En effet, les résultats négatifs sont causés par des circonstances extraordinaires qui sont au nombre des risques de marché qui devraient être partagés entre toutes les entités d’un groupe, incluant les distributeurs à risques limités et les centres de services intragroupe.

Déterminer la profitabilité

La profitabilité des distributeurs à risques limités et des centres de services intragroupe est généralement déterminée en appliquant la méthode transactionnelle de la marge nette, qui s’appuie sur des analyses de type « benchmark » visant à identifier des sociétés publiques ayant un profil comparable en termes de fonctions, de risques, et d’actifs.

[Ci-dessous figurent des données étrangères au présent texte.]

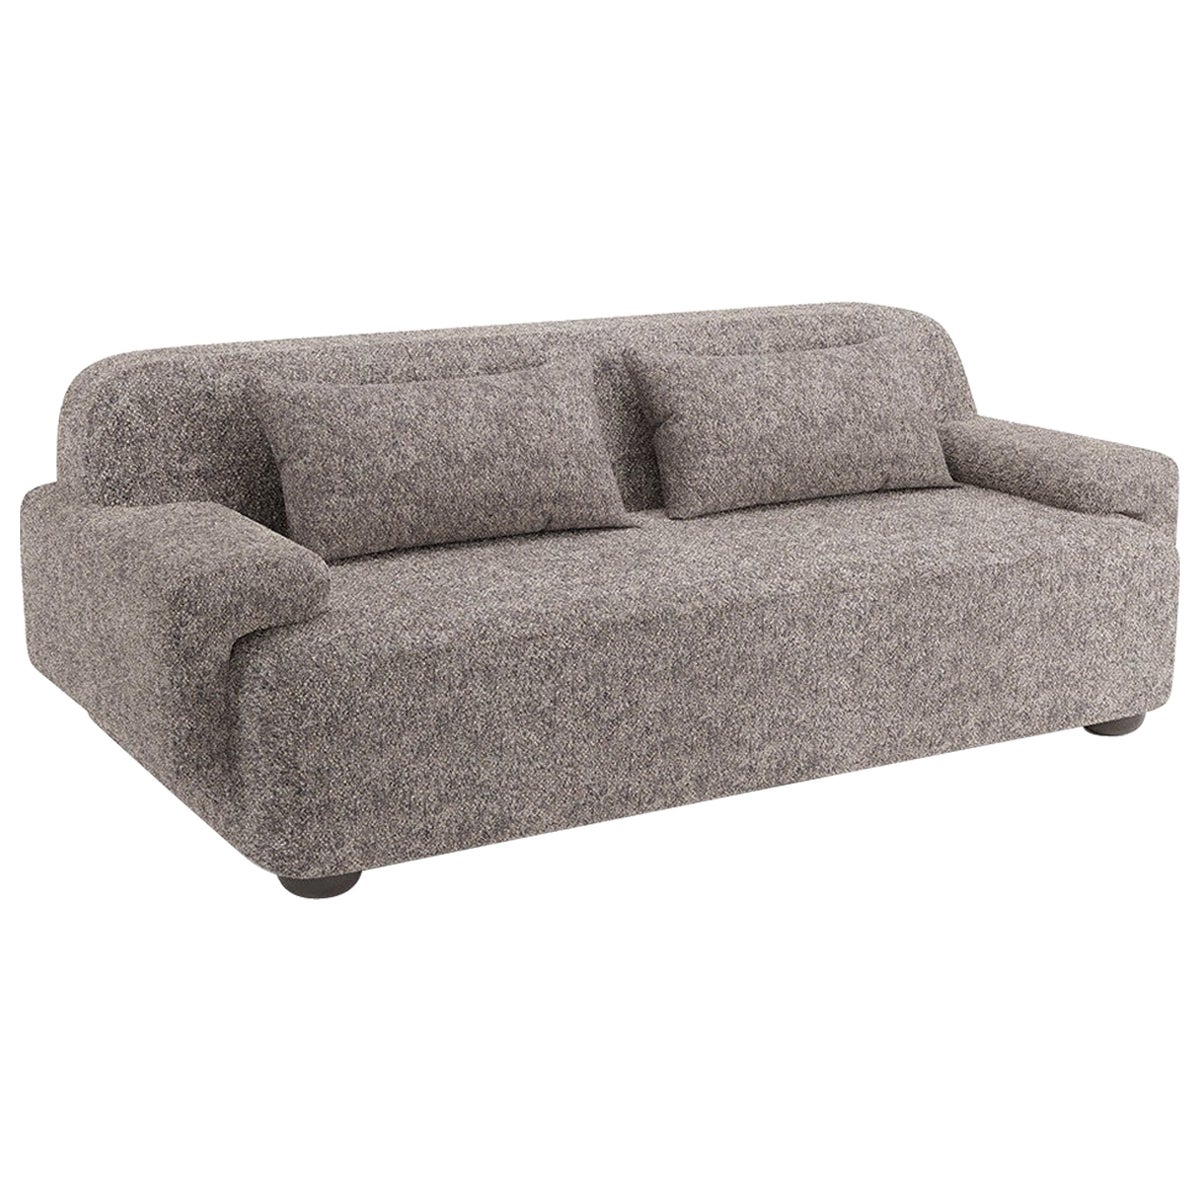 Popus Editions Lena 4 Seater Sofa in Anthracite Antwerp Linen Upholstery

Les indicateurs de profitabilité des entités identifiées comme comparables (par exemple, la marge opérationnelle, la majoration sur les coûts totaux et le rendement des actifs opérationnels) sont utilisés pour établir un intervalle de pleine concurrence.

La profitabilité des distributeurs à risques limités ou des centres de services intragroupe est réputée être de pleine concurrence lorsqu’elle se situe dans cet intervalle. Lorsque la profitabilité de l’entité est à l’extérieur de l’intervalle de pleine concurrence, des ajustements aux prix de transfert sont généralement effectués, soit à la fin de l’exercice financier ou en cours d’année.

Les résultats financiers des entreprises publiques utilisées pour évaluer la profitabilité des distributeurs à risques limités et des centres de services intragroupe seront sans aucun doute affectés par la COVID-19. Par contre, les résultats financiers annuels des sociétés comparables pour l’année 2020 ne seront publiés qu’au premier semestre 2021, et il pourrait être trop tard à ce moment pour certaines entreprises pour ajuster leurs prix de transfert.

En effet, alors que le délai dans la disponibilité des informations financières n’a généralement pas de conséquences dans des circonstances normales où les intervalles de pleine concurrence varient peu d’une année à l’autre, la situation pourrait être problématique pour l’exercice financier 2020.

Examiner les résultats trimestriels des entreprises publiques

Dans ces circonstances, une solution envisageable serait d’examiner les résultats trimestriels des entreprises publiques utilisées comme comparables afin d’évaluer l’impact de la COVID-19 sur leur profitabilité à partir des premiers trimestres de 2020. Ensuite, les prix de transfert des distributeurs à risques limités et des centres de services intragroupe pourront être ajustés en fonction de la diminution de la profitabilité observée dans le marché.

Ces ajustements devront bien sûr être documentés avec précaution par les entreprises multinationales et être reflétés dans les études de prix de transfert qui seront préparées pour l’année fiscale 2020 et les années suivantes. En cas de vérification, la documentation de prix de transfert sera primordiale pour expliquer les changements apportés aux politiques de prix de transfert des multinationales et des potentielles pertes pour les distributeurs à risques limités et les centres de services intragroupe.